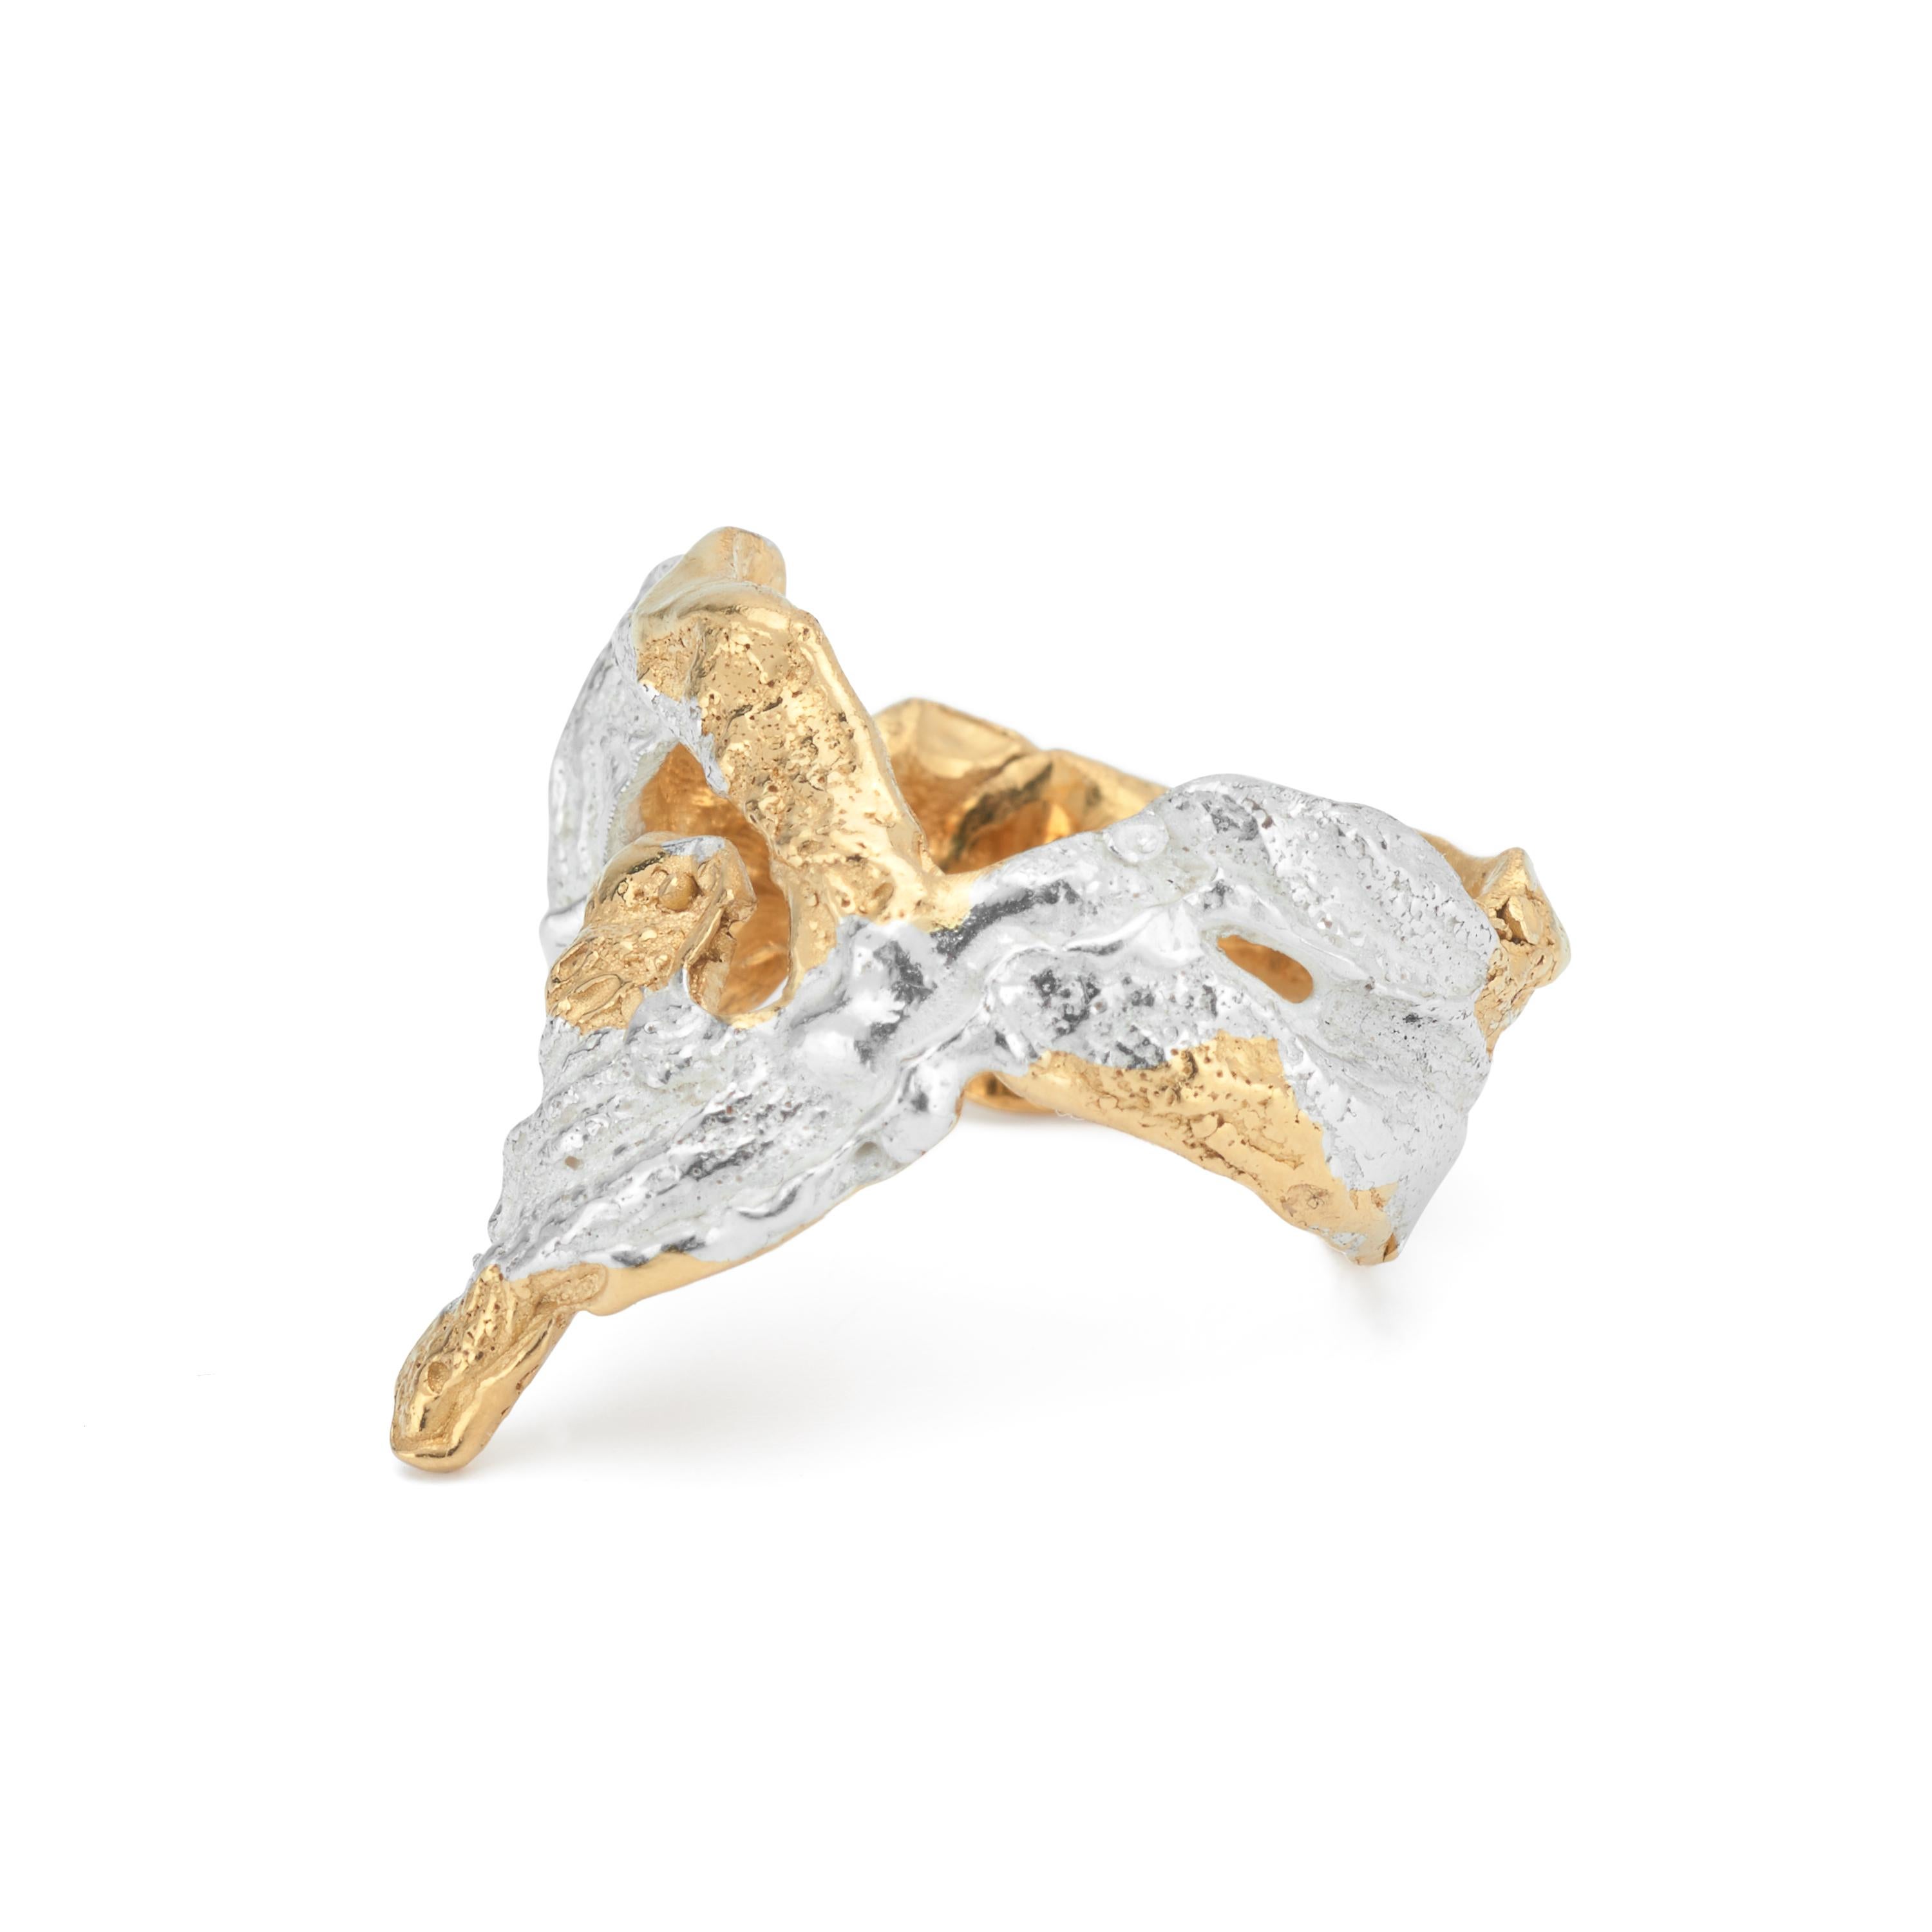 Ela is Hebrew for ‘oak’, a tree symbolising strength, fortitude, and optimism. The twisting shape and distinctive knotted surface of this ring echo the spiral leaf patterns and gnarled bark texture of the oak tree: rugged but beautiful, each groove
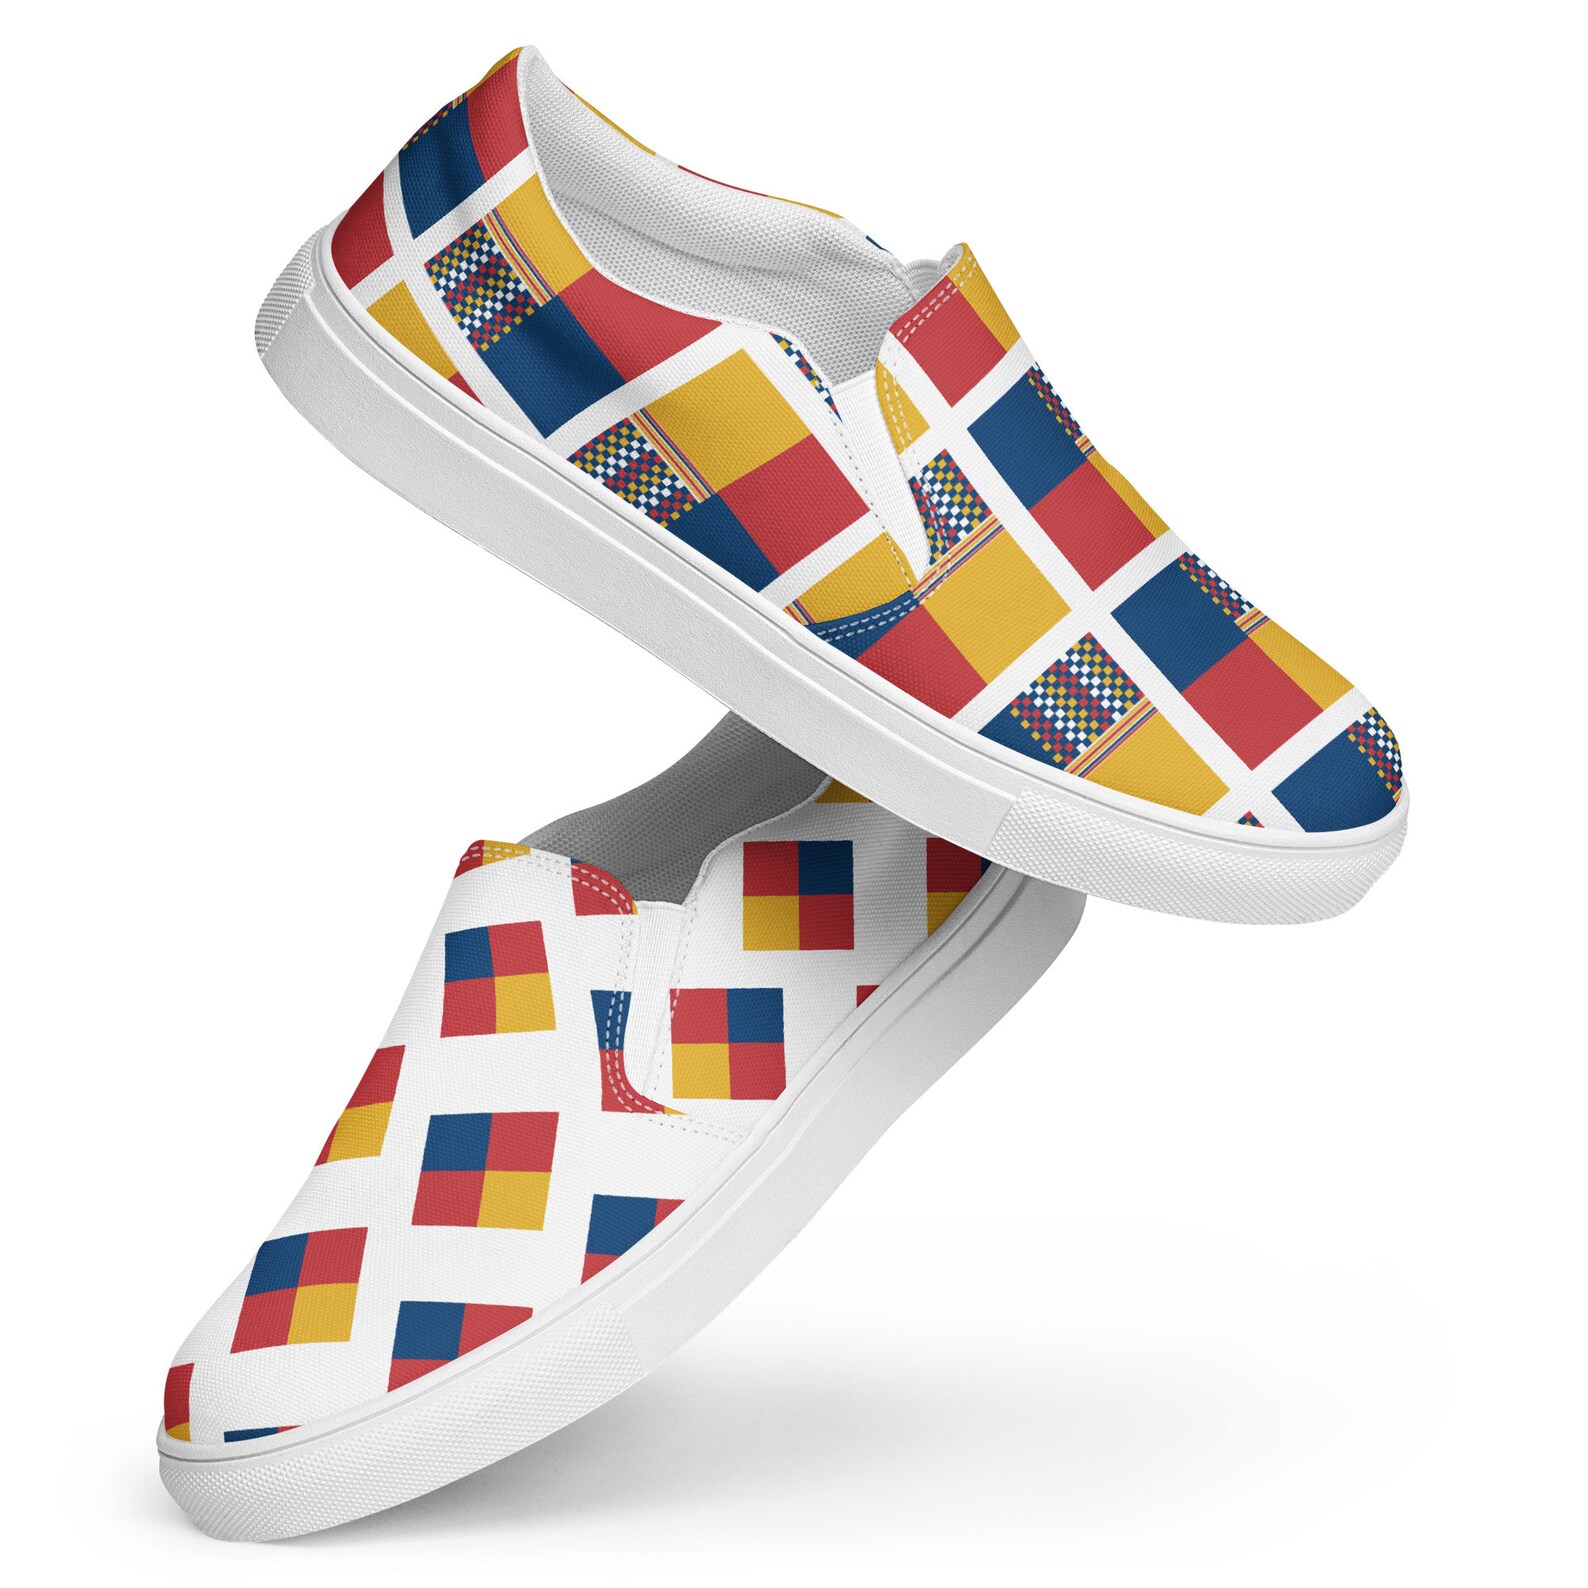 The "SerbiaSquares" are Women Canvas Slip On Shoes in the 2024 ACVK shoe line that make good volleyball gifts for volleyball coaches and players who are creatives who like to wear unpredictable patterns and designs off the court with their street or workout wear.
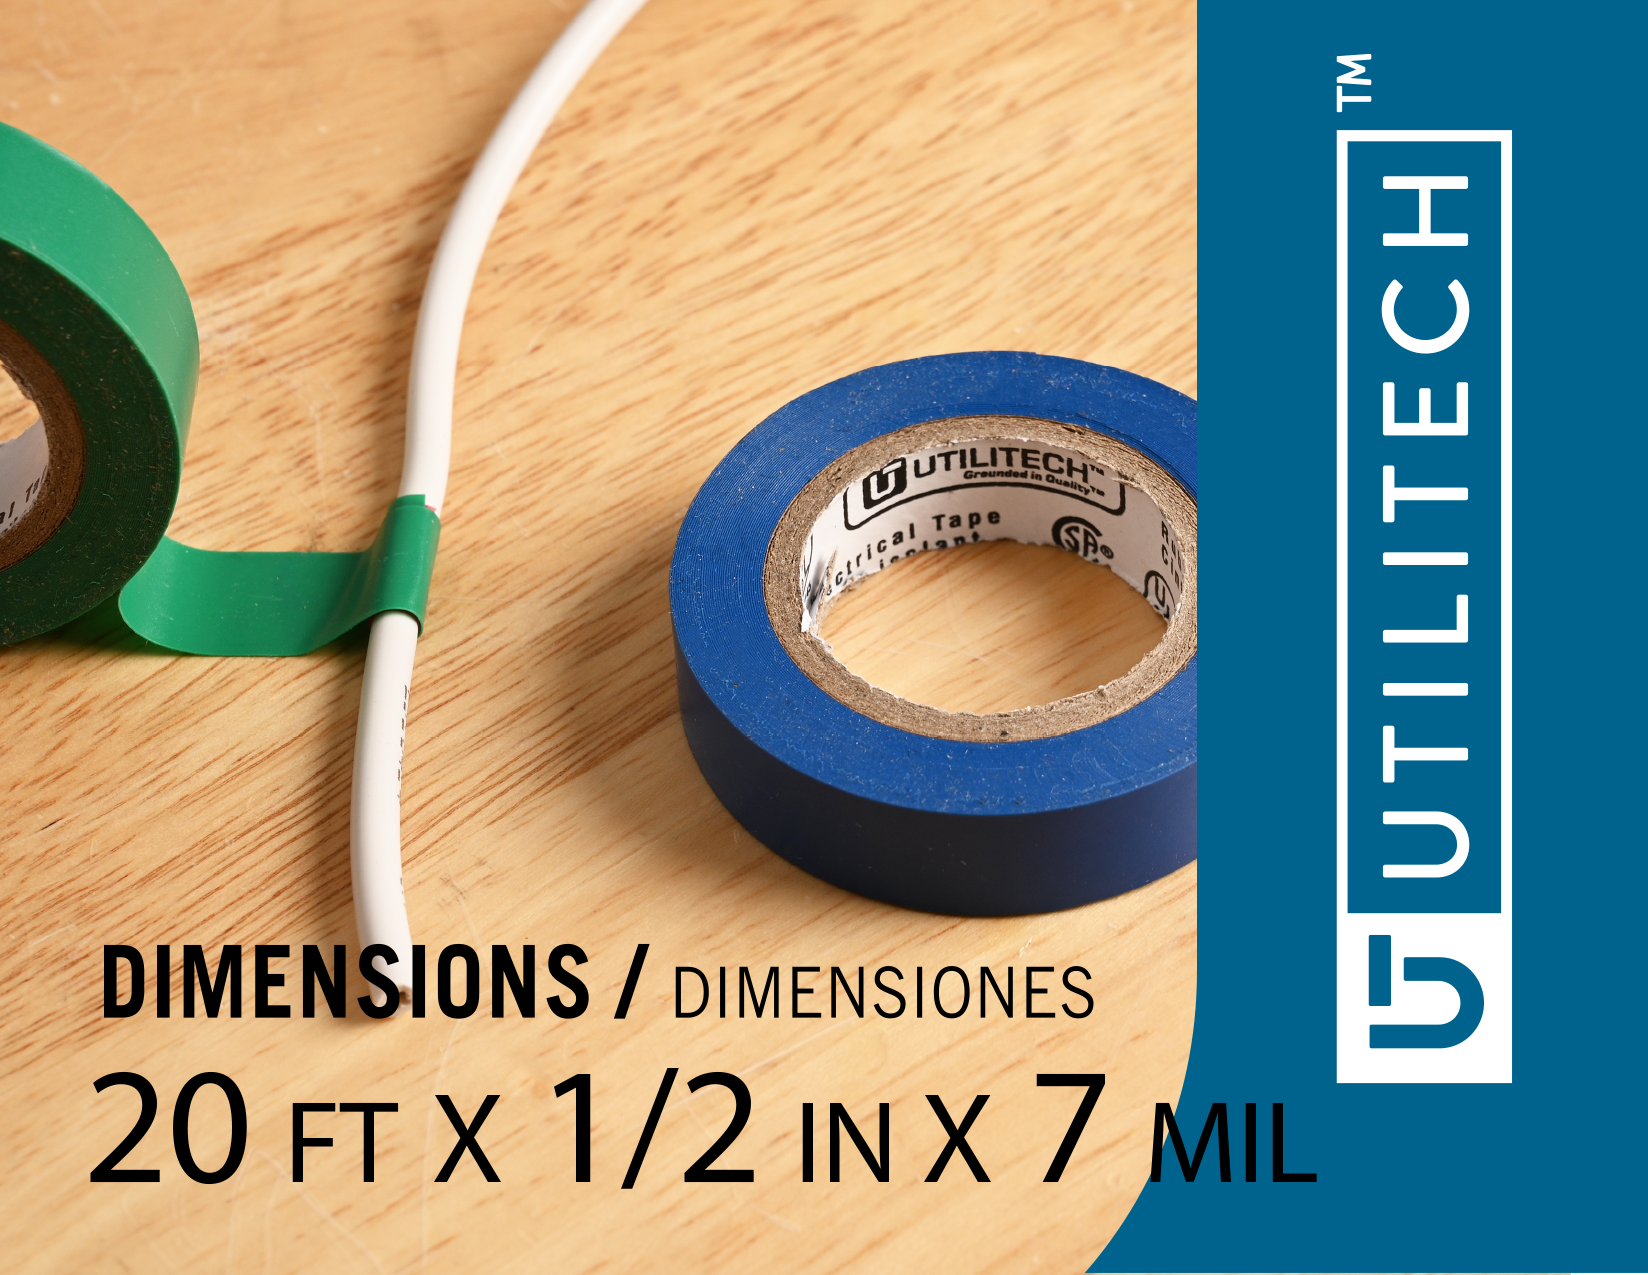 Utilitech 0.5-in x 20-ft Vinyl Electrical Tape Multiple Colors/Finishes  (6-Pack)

* [PROBLEM TO WORK ON]
Copy only what lies between the start of the listing above and the line containing "or workout wear.", inclusive of both ends, exactly as written, and drop the pictures.

* [EXERCISE ANSWER]
 Ela is Hebrew for ‘oak’, a tree symbolising strength, fortitude, and optimism. The twisting shape and distinctive knotted surface of this ring echo the spiral leaf patterns and gnarled bark texture of the oak tree: rugged but beautiful, each groove
 The "SerbiaSquares" are Women Canvas Slip On Shoes in the 2024 ACVK shoe line that make good volleyball gifts for volleyball coaches and players who are creatives who like to wear unpredictable patterns and designs off the court with their street or workout wear.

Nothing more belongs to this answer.